While there was a decreasing trend in soluble sugar concentrations with distance from the live crown in mid-July (Fig. 3a), starch concentrations in the phloem did not differ at different heights along the stem (Fig. 3b). Dominant trees had higher overall starch concentrations in their phloem than intermediate trees (Fig. 3b, F1,43 = 35.6, < 0.001) but there was only weak evidence that they had higher overall soluble sugar concentrations in mid-July (Fig. 3a, F1,43 = 3.24, = 0.079).

Figure 3.

Mid-July concentrations of soluble sugar (a) and starch (b) in lodgepole pine (Pinus contorta var. latifolia) phloem sampled at the base of the live crown (top), halfway between the top and bottom (middle), and 1.3 m above the ground (bottom) in dominant (closed circles) and intermediate (open circles) trees. Points represent means, and whiskers indicate width of bootstrapped 95% CI.

In mid-July, constitutive monoterpene concentrations in the stem phloem were higher near the top inoculation than near the lower inoculations in both dominant and intermediate trees (Fig. 4a, F2,43 = 10.9, < 0.001). Moreover, dominant trees, which had higher overall carbohydrate concentrations, also had higher overall concentrations of constitutive monoterpenes than intermediate trees (Fig. 4a, F1,43 = 12.4, = 0.001). This pattern of higher monoterpene concentrations in dominant than in intermediate trees was consistent for the three most abundant monoterpenes produced by our study trees (β-phellandrene, β-pinene, and 3-carene). Furthermore, at the time of inoculation, concentrations of each of these monoterpenes were consistently higher near the top inoculation than near the lower inoculations in both dominant and intermediate trees (Fig. 4b,d).

Figure 4.

Mid-July concentrations of constitutive (preformed) monoterpenes in lodgepole pine (Pinus contorta var. latifolia) phloem at the time of inoculation in mid-July: (a) total monoterpenes, (b) β-phellandrene, (c) β-pinene, and (d) 3-carene. Samples were taken below the base of the live crown (top), halfway between the top and bottom (middle), and 1.3 m above the ground (bottom) in dominant (closed circles) and intermediate (open circles) trees. Points represent means, and whiskers indicate width of bootstrapped 95% CI.
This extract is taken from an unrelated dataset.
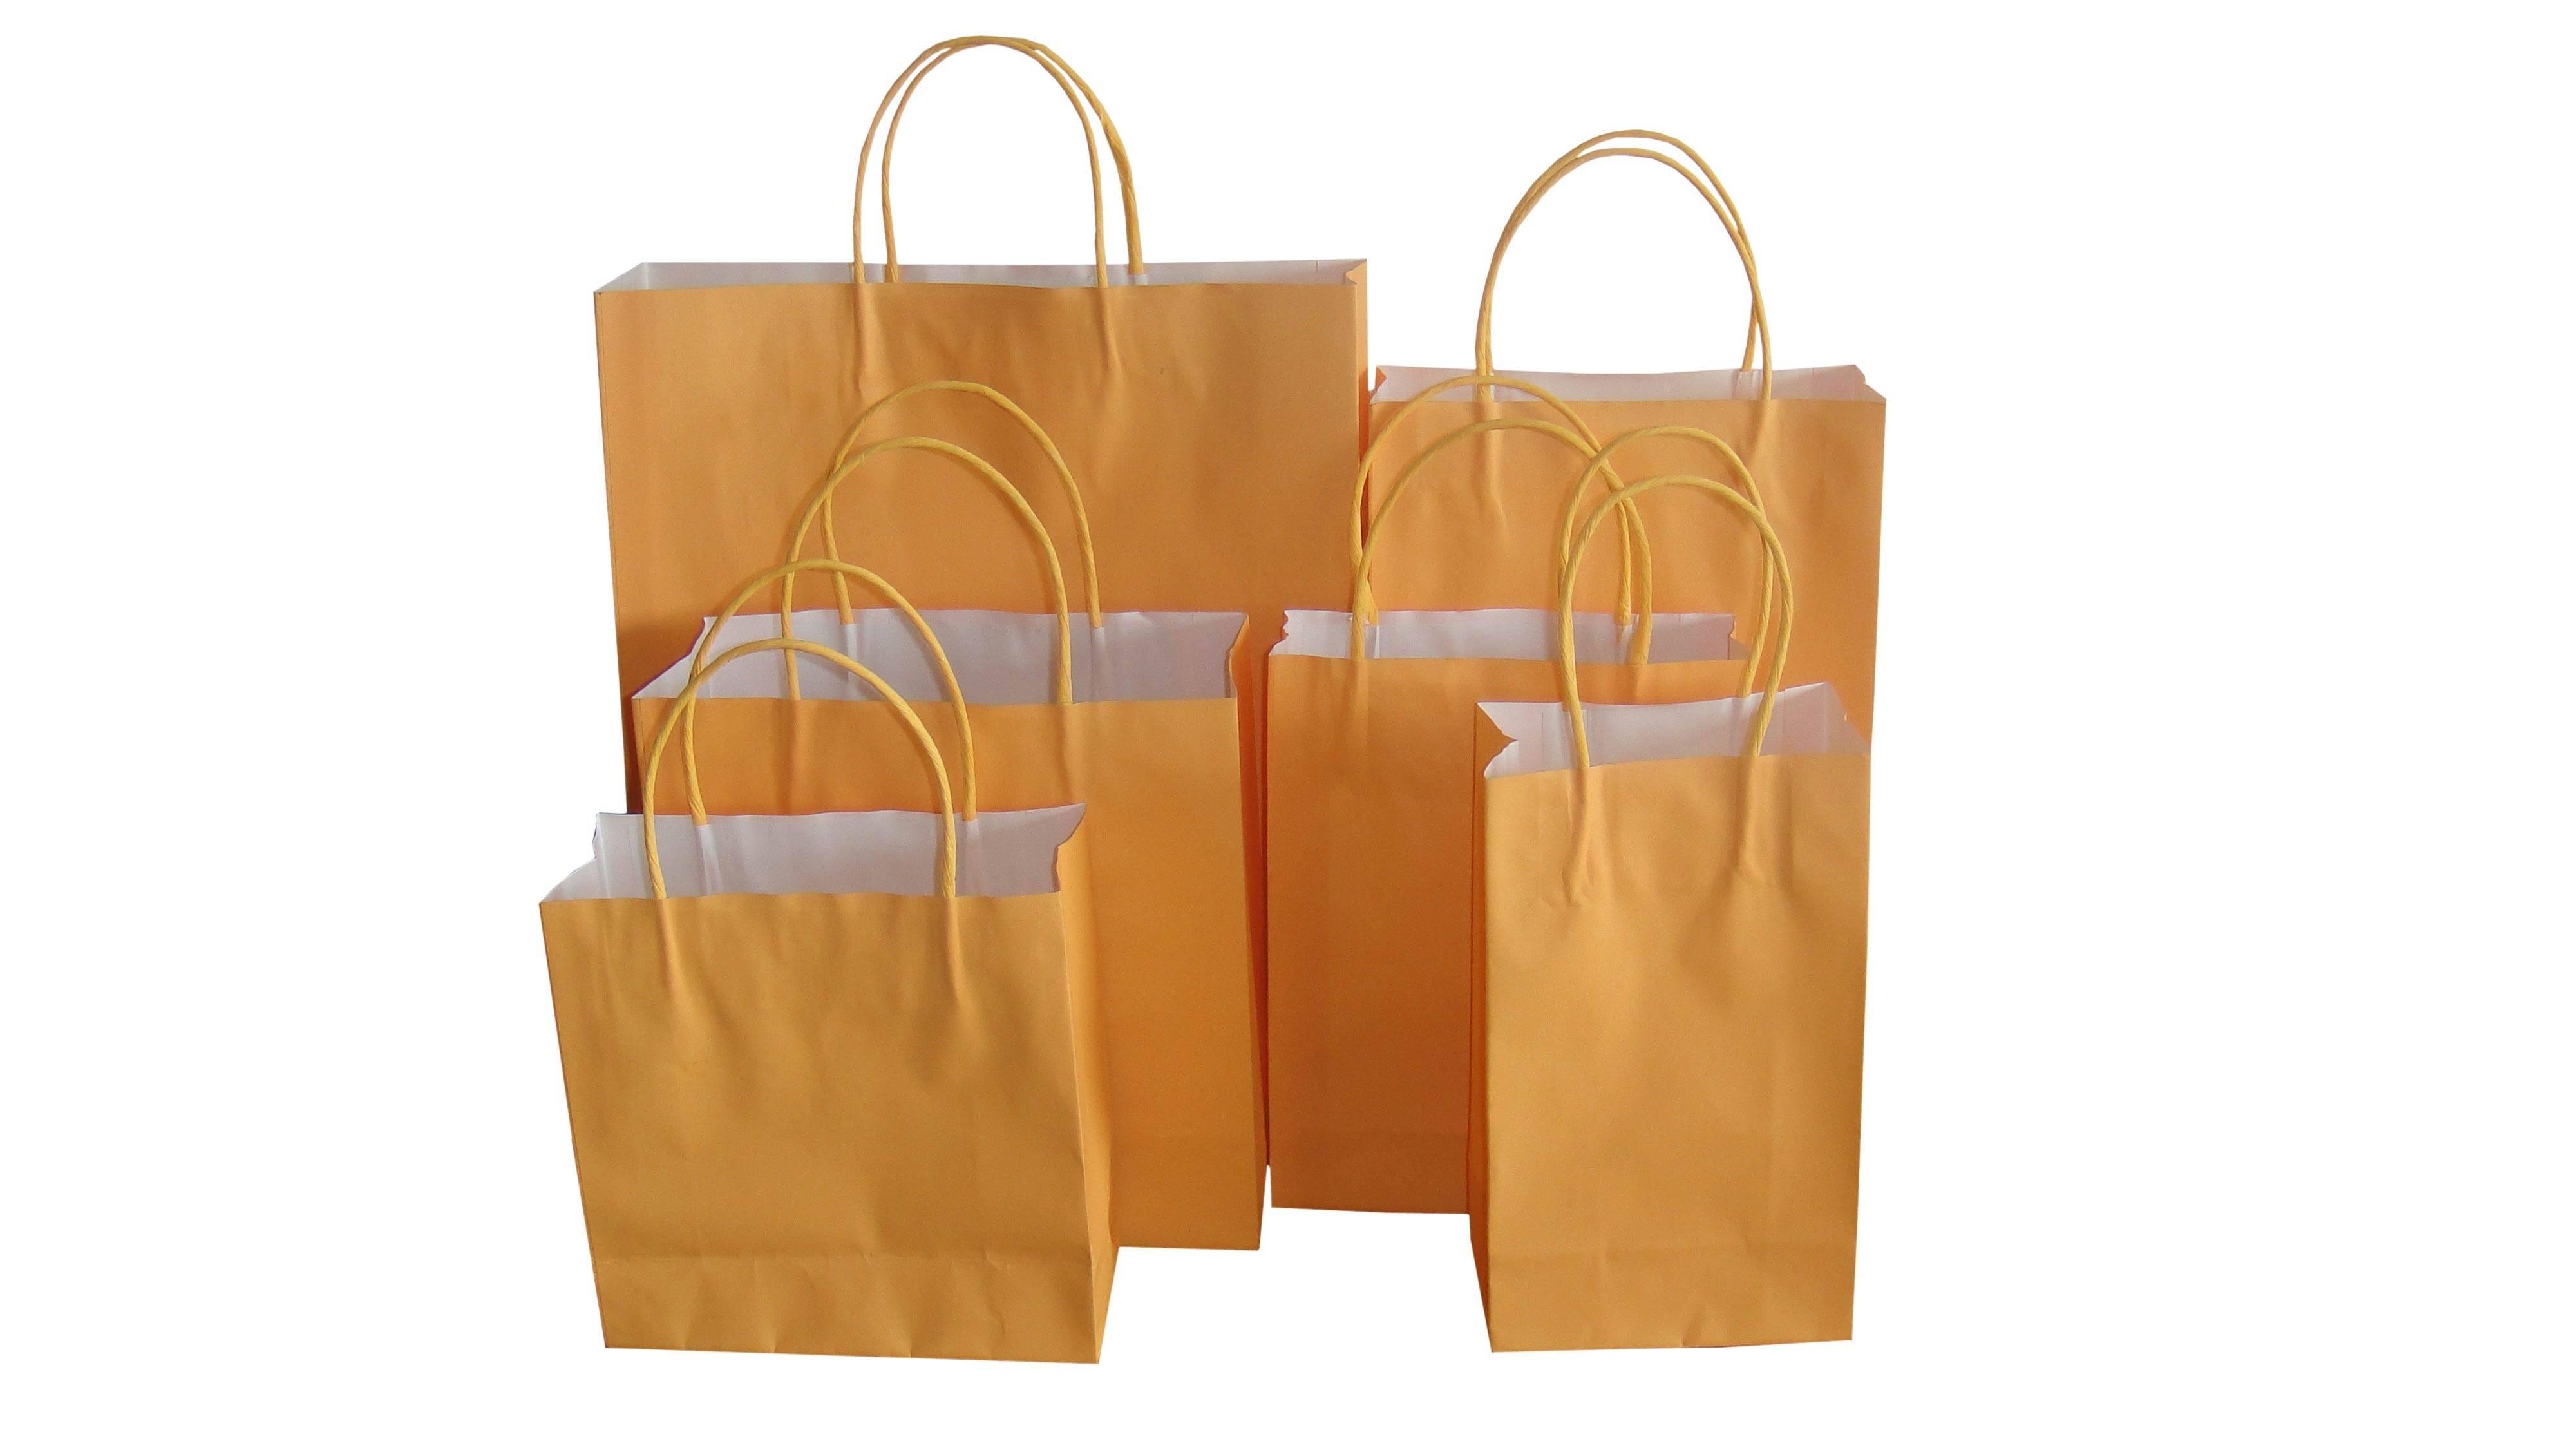 PAPER BOX / SHOPPING BAG / PACKAGE BAG

Lesion length and chemistry

Lesion length depended on height of inoculation along the stem (F2,45 = 4.97, = 0.011). In both dominant and intermediate trees, lesions were longer near the bottom inoculation and shorter near the top inoculation (Fig. 5). In addition, near the top and middle inoculations there was no relationship between lesion length and local soluble sugar concentration (Fig. 6a,b). However, near the bottom inoculation, local lesion length showed a strong negative relationship with the quantity of sugars nearby before inoculation (Fig. 6c).

Figure 5.

Lesion lengths formed on lodgepole pine (Pinus contorta var. latifolia) stems just under the vascular cambium at inoculation points near the base of the live crown (top), halfway between the top and bottom (middle), and at 1.3 m (bottom) in dominant (closed circles) and intermediate (open circles) trees. Points represent means, and whiskers indicate width of bootstrapped 95% CI.

Figure 6.

Lesion lengths formed on lodgepole pine (Pinus contorta var. latifolia) stems in relation to the concentration of soluble sugars in a phloem sample taken from the inoculation point at the time of inoculation in mid-July. Points represent measurements from single dominant (closed circles) or intermediate (open circles) trees: (a) at the base of the live crown (top); (b) halfway between the top and bottom inoculations (middle); and (c) at 1.3 m above the ground (bottom).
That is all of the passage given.